Le coffre de Michel est-il lui aussi un meuble royal ? En chêne, un bois utilisé au nord de la Loire, on observe qu’il est uniquement sculpté en façade. Il reçoit un beau décor architecturé, avec ses arcades, ses rosaces ornées de croix et ses moulures de style gothique. Il présente quatre baies, qui rappellent celles des vitraux des églises et des cathédrales, comme si Notre Dame de Paris s’invitait subitement dans votre salon ! Son contenu est protégé des voleurs par une large serrure à moraillon en métal. Il s’ouvre en hauteur par un abattant retenu par des charnières. Observez attentivement les traces du montage des planches, qui est dit en « queue d’aronde ». Cette technique d’assemblage sans clous ni vis permet d'emboîter deux surfaces perpendiculaires. Elle tire son nom de leur forme, rappelant la queue d’une hirondelle. La différence de couleurs des bois et du traitement du piétement, des côtés et du couvercle par rapport au panneau de façade trahit des éléments disparates. Il y a fort à parier que le panneau central, probablement ancien et arraché aux stalles d’une église, a été monté tardivement à la manière d’un coffre. Ses grandes dimensions et l’absence de poignée trahissent un usage sédentaire, tout à fait incompatible avec sa fonction originelle supposée du XVe siècle.

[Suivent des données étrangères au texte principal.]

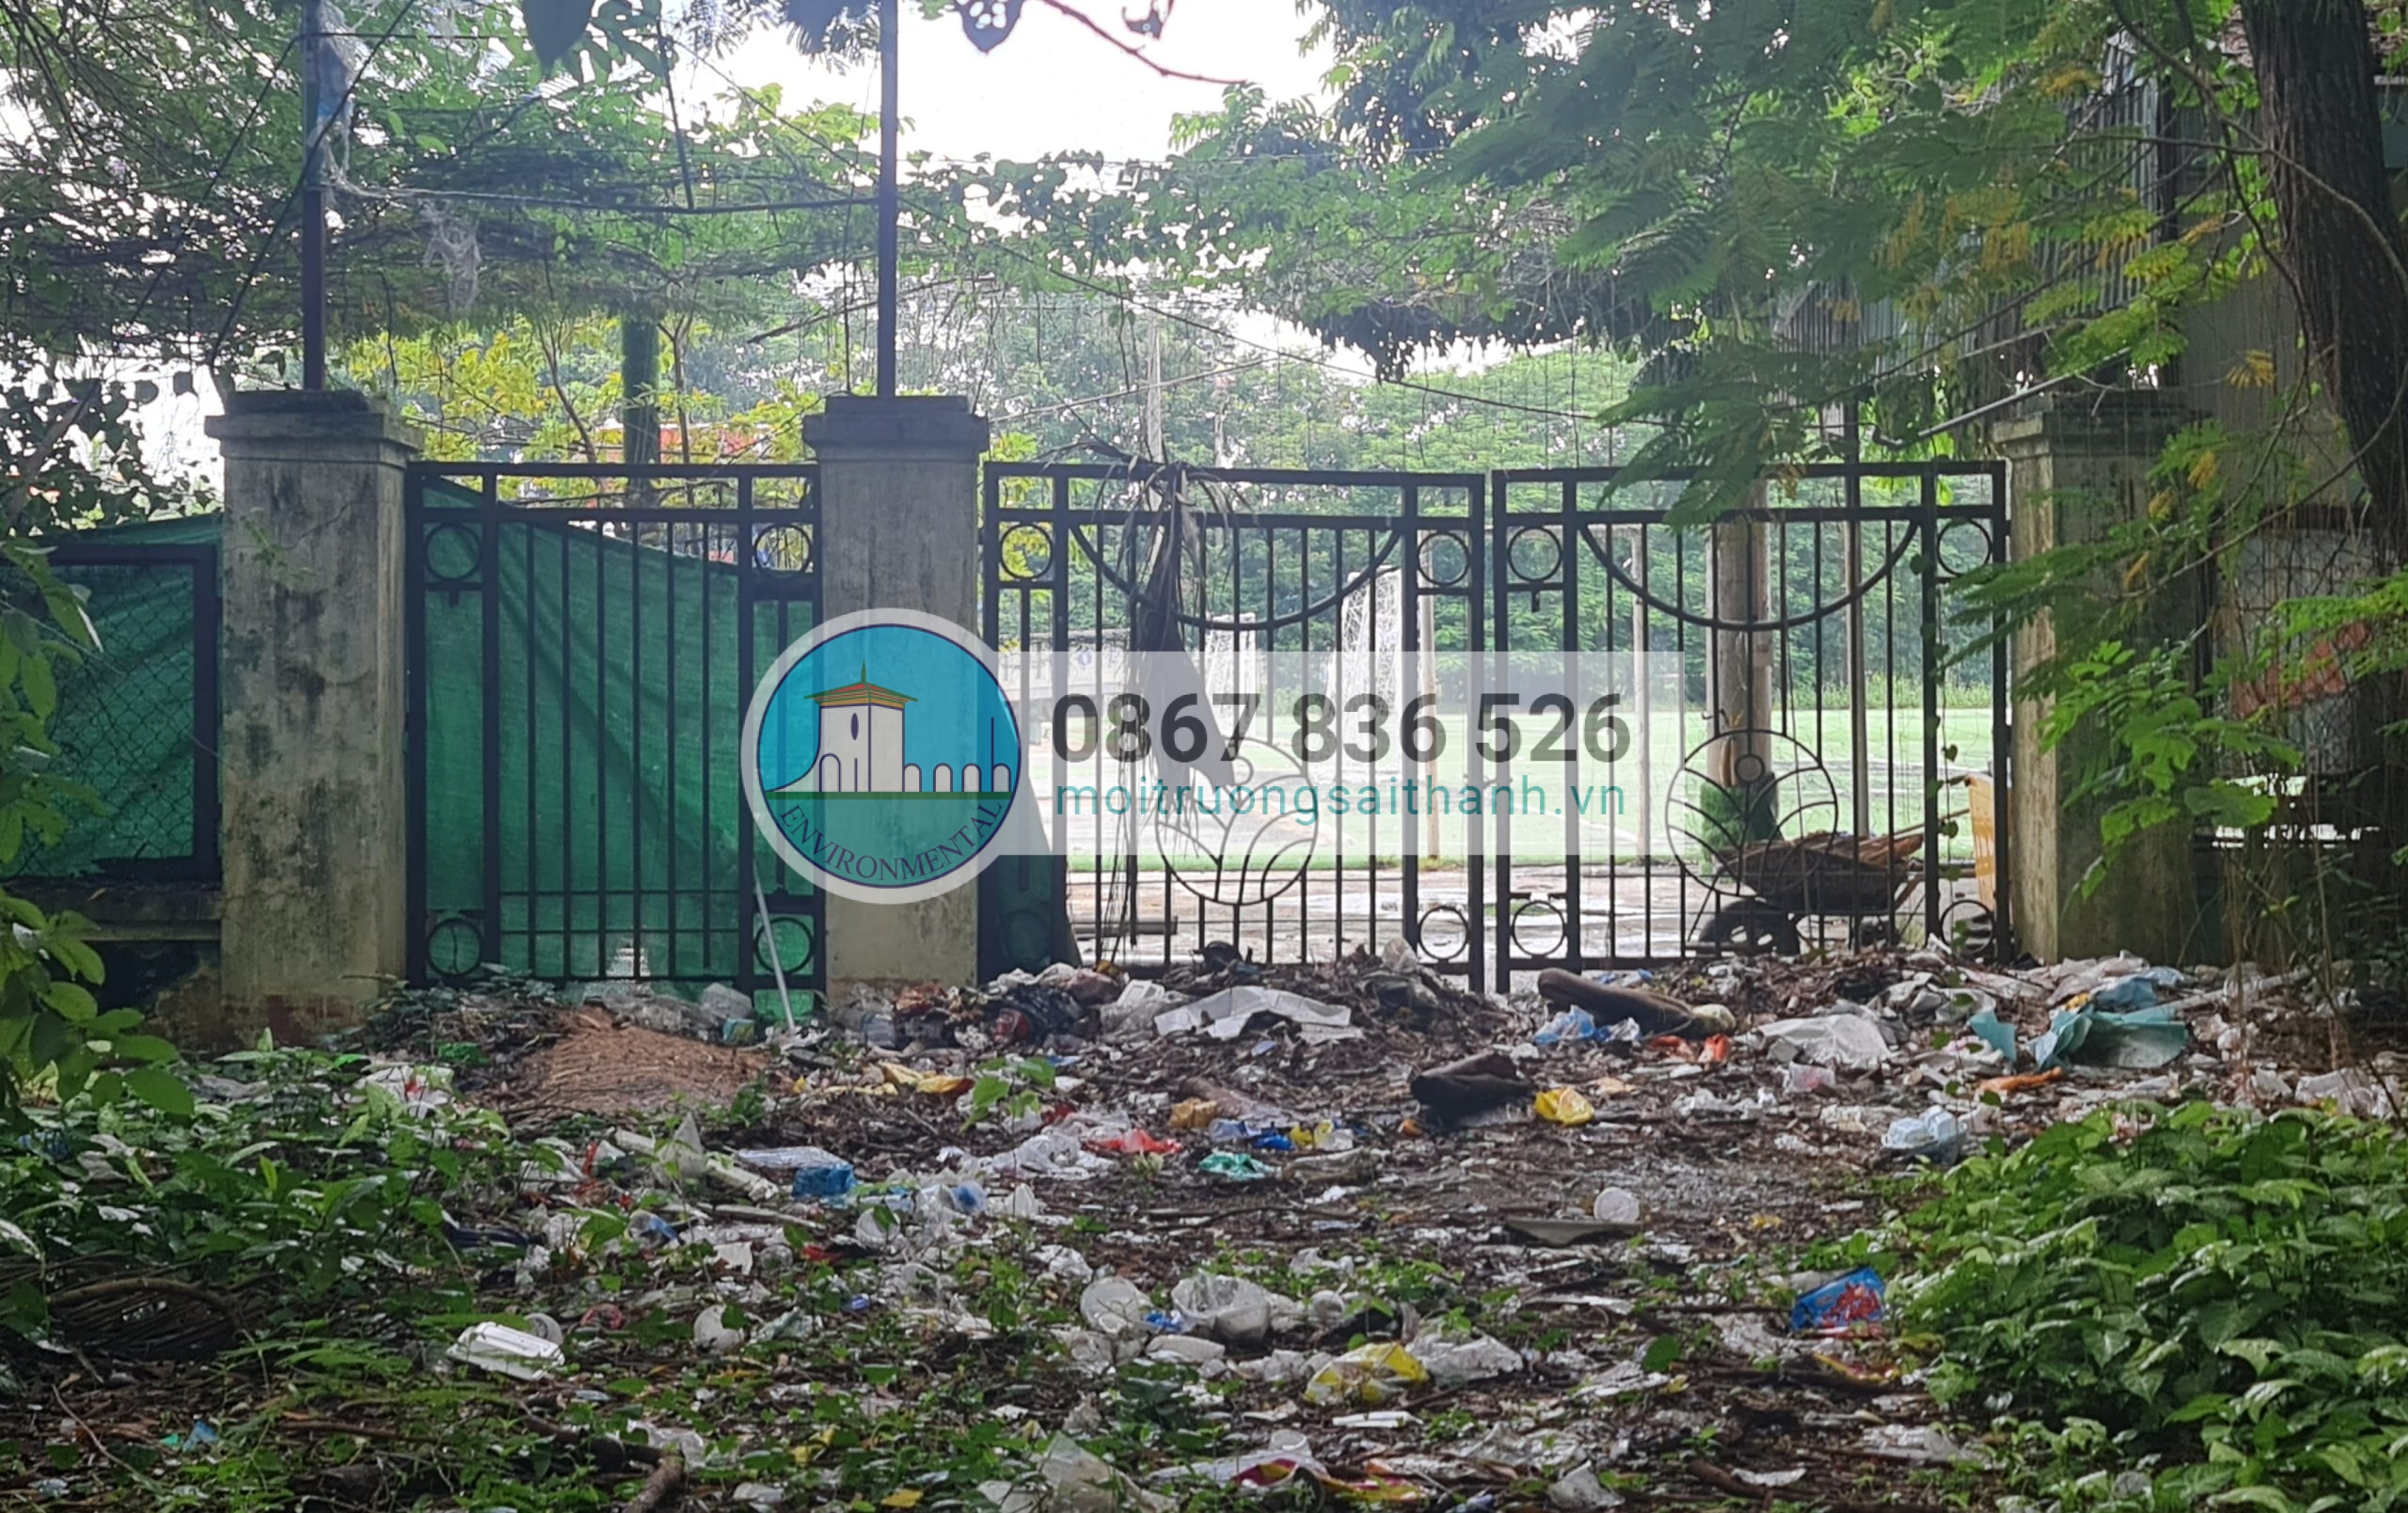 Đủ các loại rác thải bủa vây trong khuôn viên công viên Hội An

De nombreux coffres comme celui-ci ont été fabriqués tout au long du XIXe et se négocient à partir de 200 €, voir plus, eut égard à sa grande taille. Ce coffre n’est donc ni royal ni ecclésial mais un habile maquillage par un menuisier amoureux du style gothique, un peu comme ces enfants qui ont déambulé à travers nos rues réclamant des bonbons et menaçant de nous jeter un sort ! Voilà une belle occasion de lui trouver un nouvel usage… gothique : comme réserve à bonbons géante en attendant la prochaine halloween !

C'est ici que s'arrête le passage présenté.